PCR laboratory is also called gene amplification laboratory, and PCR is short for Polymerase Chain Reaction. It is a molecular biology technique, which is used to amplify specific DNA fragments and can be regarded as special DNA replication in vitro. Through the DNA gene tracking system, we can quickly grasp the virus content in patients, and its accuracy is as high as nanometer level. It can accurately detect the number of hepatitis B virus in patients, whether it is replicated, whether it is contagious, whether it is necessary to take medicine, whether there is abnormal change in liver function, and it can timely judge which antiviral drugs are most suitable for patients and how effective the drugs are, thus providing a reliable test basis for clinical treatment.

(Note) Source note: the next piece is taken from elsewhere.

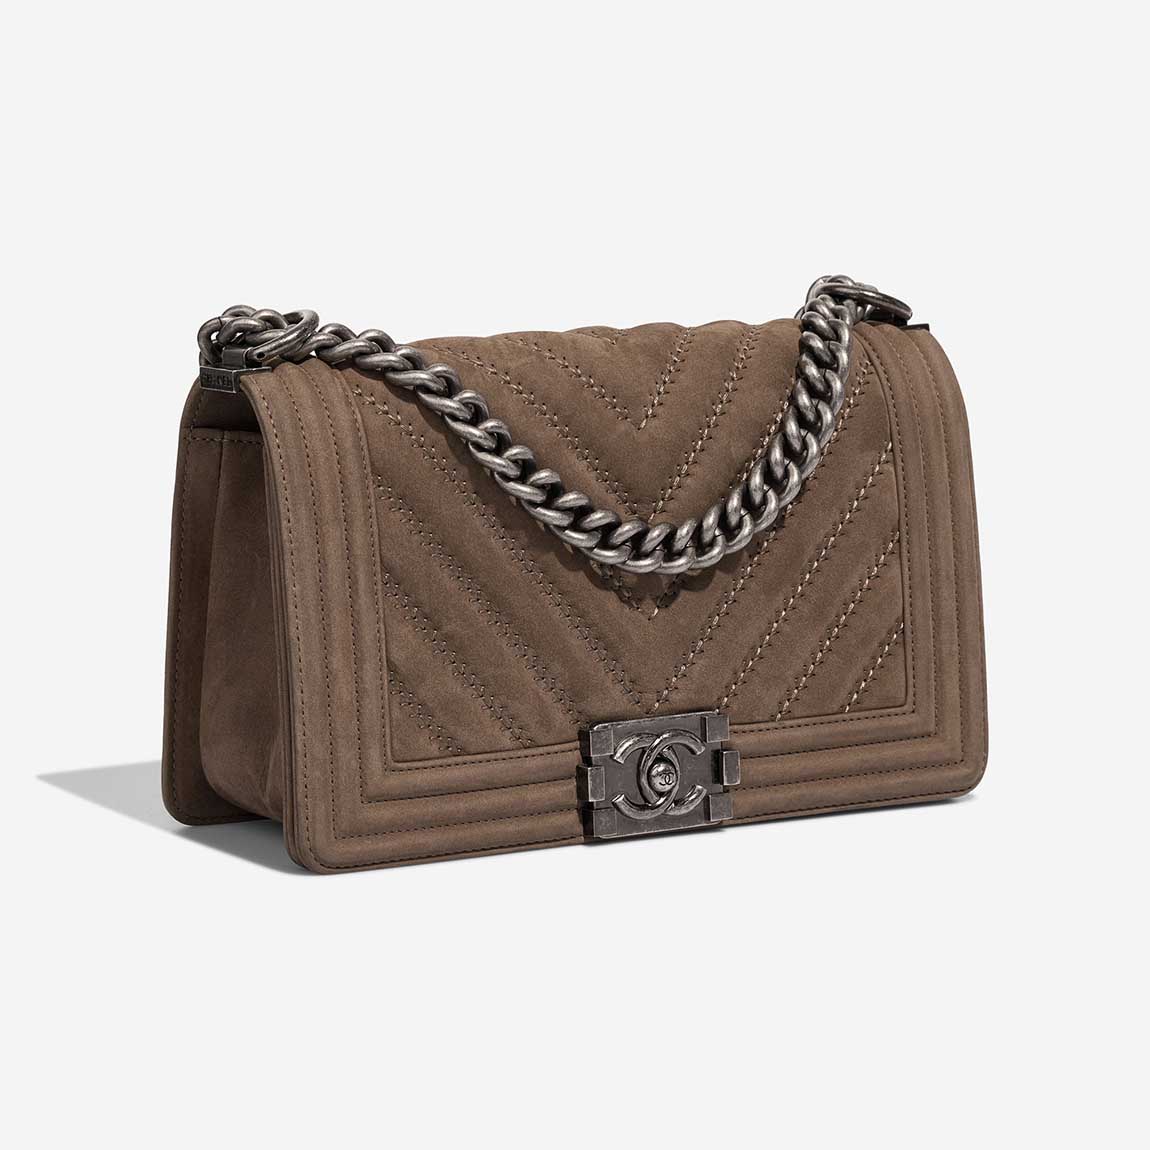 Chanel Boy Old Medium Suede Brown | Sell your designer bag

PCR is a conventional method of molecular biology research and experiment, which is widely used in various fields of biology, such as detection and diagnosis of AIDS, hepatitis B, avian diseases, oncogene, DNA fingerprint, individual identification, paternity test and forensic material evidence, animal and plant quarantine, animal and its derivative products detection, animal feed, cosmetics, food hygiene detection, transgenic crops and transgenic microorganisms detection, etc.
On average, major outbreaks of infectious diseases occur once every 1-2 years, such as severe acute respiratory syndrome (SARS coronavirus) in 2003, avian influenza virus (HSN1 avian influenza virus) in 2005, hand-foot-mouth disease (enterovirus) in 2008, fever with platelet syndrome (New Bunia virus) in 2011 and influenza virus (H7N9 virus) in 2013. Avian influenza (H10N8 virus) and Ebola virus in 2014, avian influenza virus (H5N6 virus) in 2015, Sika virus in 2016 and novel coronavirus (COVID-19 virus) at present. Outbreak is characterized by acute onset, rapid progress and strong infectivity, so rapid and accurate identification of infectious disease pathogens is the key factor to control the epidemic. Most of these diseases are diagnosed by nucleic acid amplification, and this process needs to be completed by professionals in high-standard PCR laboratories. Therefore, PCR laboratories have become an indispensable force for disease diagnosis and service in the prevention and control of major infectious diseases. In addition to viral infectious diseases, the detection of pathogenic microorganisms by PCR laboratory includes the diagnosis of bacteria, fungi and protozoa, such as cytomegalovirus, Epstein-Barr virus, Mycobacterium tuberculosis, influenza A and B virus pneumonia, mycoplasma and chlamydia infection, hepatitis B, hepatitis C and hepatitis E. PCR laboratory plays an extremely important role in disease diagnosis and control.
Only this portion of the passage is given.